De regresso aos debates. A ideia de autenticidade é apenas o produto de um marketing político profissional que, com base em certas características do candidato e em função do eleitorado alvo, se vai afinando com sondagens e grupos focus. Os debates servem para fazer viver um político e para fazer morrer um político. Nada disto é novidade, nada disto é novo, tudo isto é prática corrente da democracia numa espiral eleitoral onde nada há para dizer perante um espaço mediático cada vez mais aberto e mais dependente de um discurso político permanente. Quando o espaço para o debate político atinge o paroxismo do ciclo noticioso das 24h, os políticos esgotam o reportório e refugiam-se em banalizações e banalidades. Conseguem imaginar uma democracia sem debates? Claro que não. Conseguem imaginar uma democracia sem ideias? Claro que sim. Com os debates a democracia abriu em queda. A política também é uma espécie de educação sentimental. E no país “o amor abriu em queda”?

Os protagonistas dos debates só desiludem os iludidos. Vamos à crónica partidária dos protagonistas profissionais. O espectro político continua pulverizado entre uma esquerda deserta e uma direita diversa. O elenco político continua polarizado entre o estado e o mercado.

O Bloco representa um projecto estagnado que apenas conhece a lógica do “igualitarismo repressivo”. O Chega representa um projecto que debita a “empatia suicidária” de uma identidade narcisista. A IL é a contra-revolução da propriedade. O PCP é um tapete persa estendido nas ruínas da Ucrânia. O PAN é o progressismo dos “Verdes Anos” sem a nostalgia do mundo a preto e branco.
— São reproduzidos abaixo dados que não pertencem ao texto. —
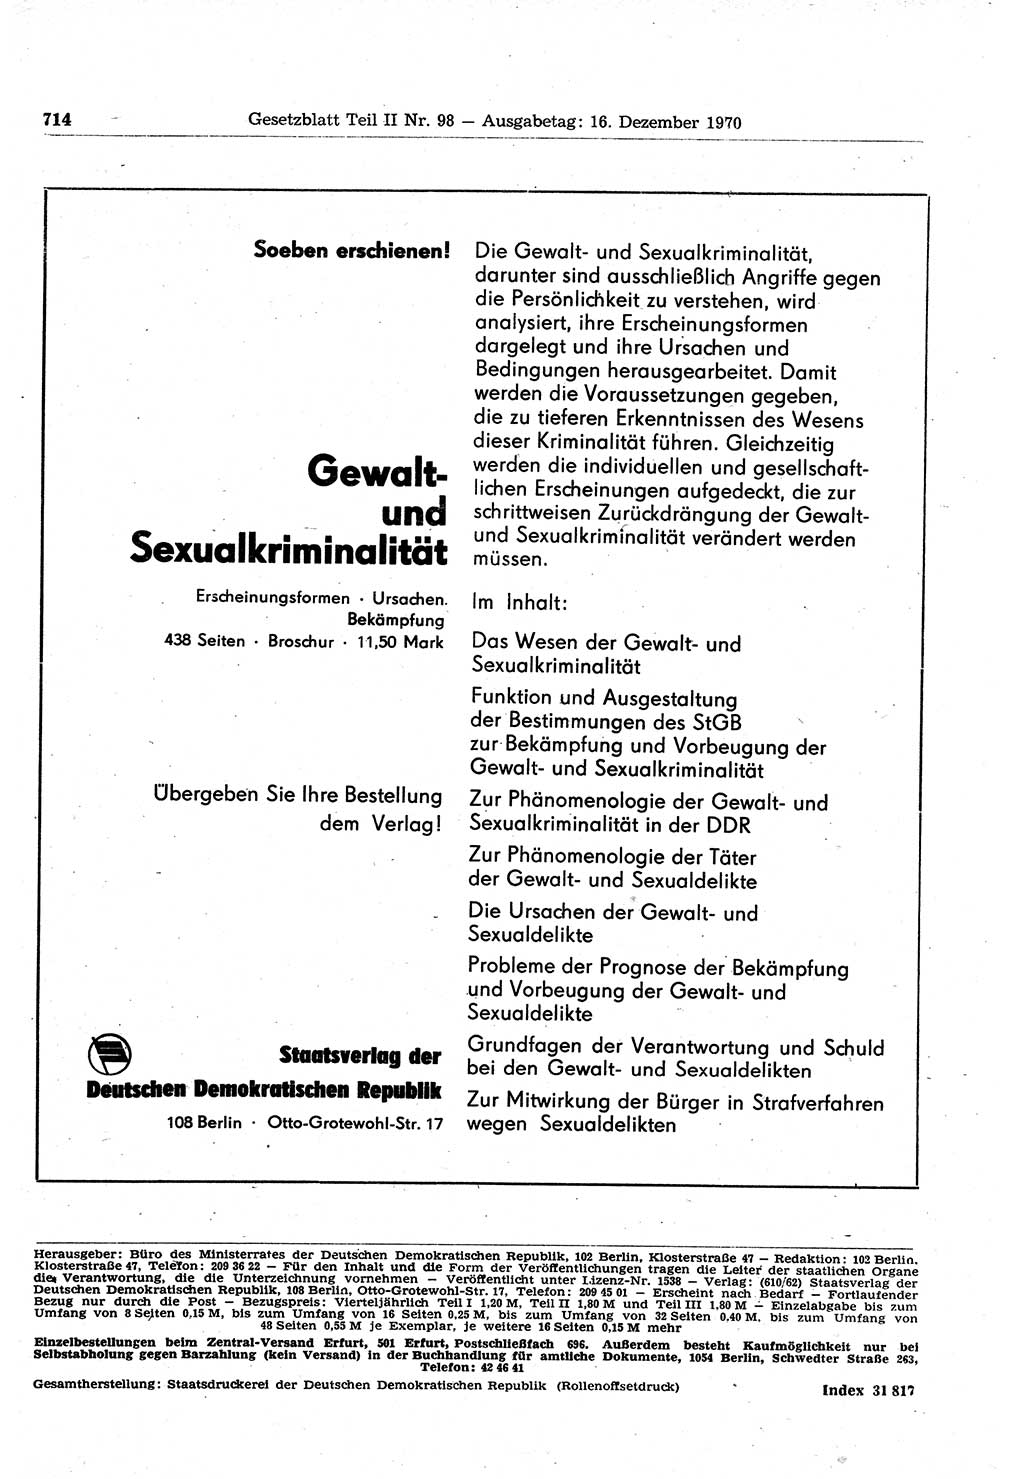 Gesetzblatt (GBl.) der Deutschen Demokratischen Republik (DDR) Teil ⅠⅠ 1970, Seite 714 (GBl. DDR ⅠⅠ 1970, S. 714)

O LIVRE é a grande catedral da esquerda europeia que descobre as tempestades de aço no coração do pacifismo. O CDS é o saudosismo de uma direita moral e moralista. Depois há o bloco central – PS e PSD. O PS é o fundador do regime e não abdica do estatuto. O PSD é o fundador das reformas e não abdica do estatuto. O PS pensa-se dono do centro radical. O PSD pensa-se dono do centro vital. Os debates não trazem nenhuma novidade para além destas posições estratificadas numa peça de teatro onde alguém coloca um revólver em cima da mesa. As eleições serão uma roleta russa.

A política vive dentro de ideias. Novas ideias podem fazer desaparecer velhas ideias. É tempo de Portugal conhecer um novo “Dia da Libertação”. Alguém contra?